We acknowledge that some of the articles analyzed did report adherence to evidence-based ID guidelines in the PPH simulation training described. However, our strategy using mean score per subscale for our analysis may have led to some of the instructional strengths of some of the simulation trainings described being overlooked and this should be considered a limitation of our study. Analysis of a single simulation training content area (i.e., PPH) may also be seen as a study limitation, notwithstanding the high epidemiological prevalence of PPH and its similarity to other high-risk situations. However, other training content areas that focus more on deliberate practice of routine aspects of a task (such as Rapid Cycle Deliberate Practice) [37] and less on whole-task practice may require a different set of instructional design guidelines. In terms of the selection of raters, our goal of achieving an adequate number of participants may have led to the inclusion of raters who did not strictly adhere to Ericsson’s [41, 42] criteria for being considered an expert.

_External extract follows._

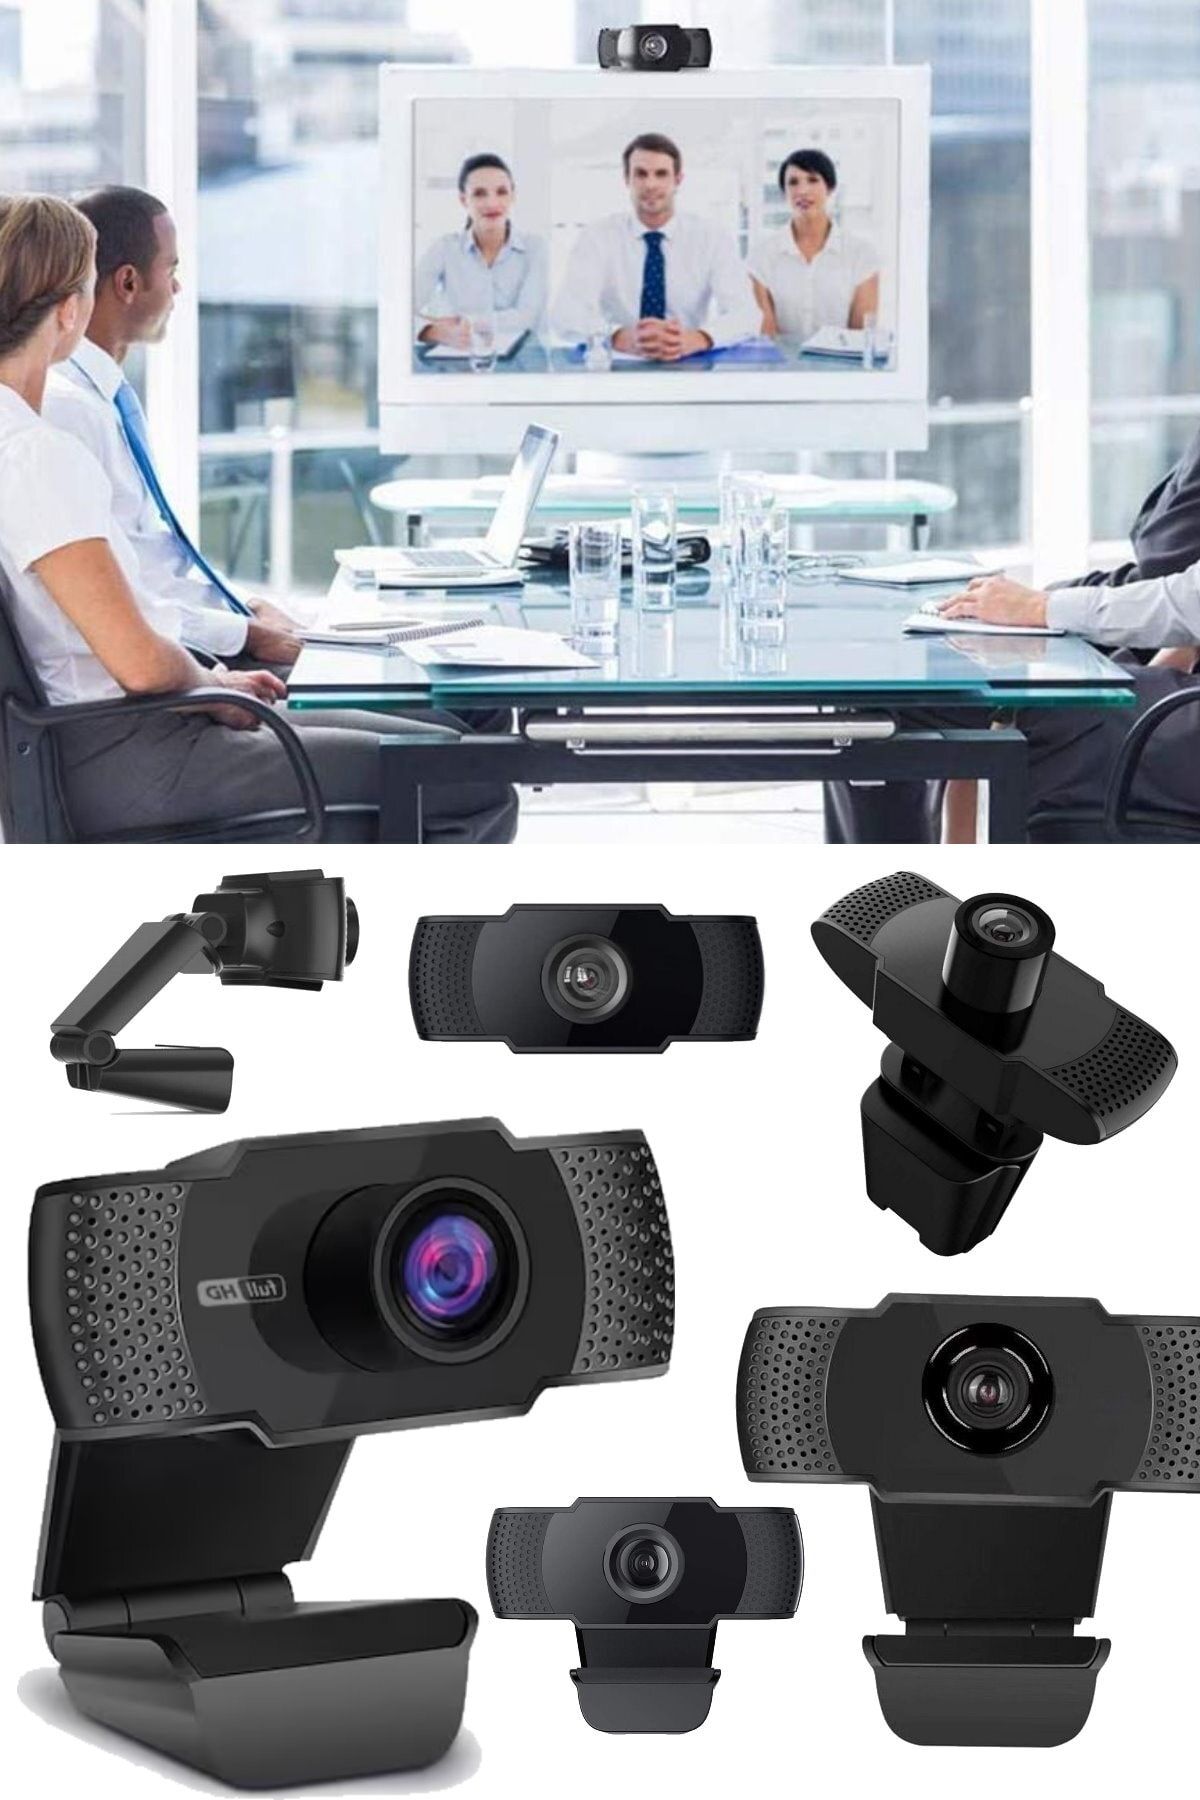 Utelips Mikrofon Konferans Video Netbook Kamera Hd 1080p Masaüstü Webcam Bilgisayar Webcam Profesyonel

Furthermore, some of our experts may have lacked the PPH knowledge necessary to assess content-related design principles (e.g., authenticity). Finally, our aggregation protocol — recoding “not described”/ “not applicable” as “strongly disagree” — may also be seen as a study limitation. We nevertheless believe it is justifiable to consider the lack of reporting of the use of evidence-based ID guidelines as indicating potential disregard as to the importance of such guidelines.

Future studies of the use of evidence-based instructional design guidelines in healthcare simulation should include a larger number of content areas for analysis and aim to identify instructional strengths using specific simulation trainings described in the literature. Likewise, exploratory research design may contribute to a better understanding of the current reasons for shortcomings with regard to adequate description of ID guideline features. The use of alternative rating strategies may also improve interrater reliability.

Conclusion

In conclusion, we highlight the overall paucity of descriptions of the use of evidence-based ID guidelines in simulation training programs for high-risk situations, such as PPH. Encouraging faculty to further promote adequate use and description of these guidelines, particularly when reporting data regarding simulation training programs, may help to improve simulation training effectiveness and transfer of learning.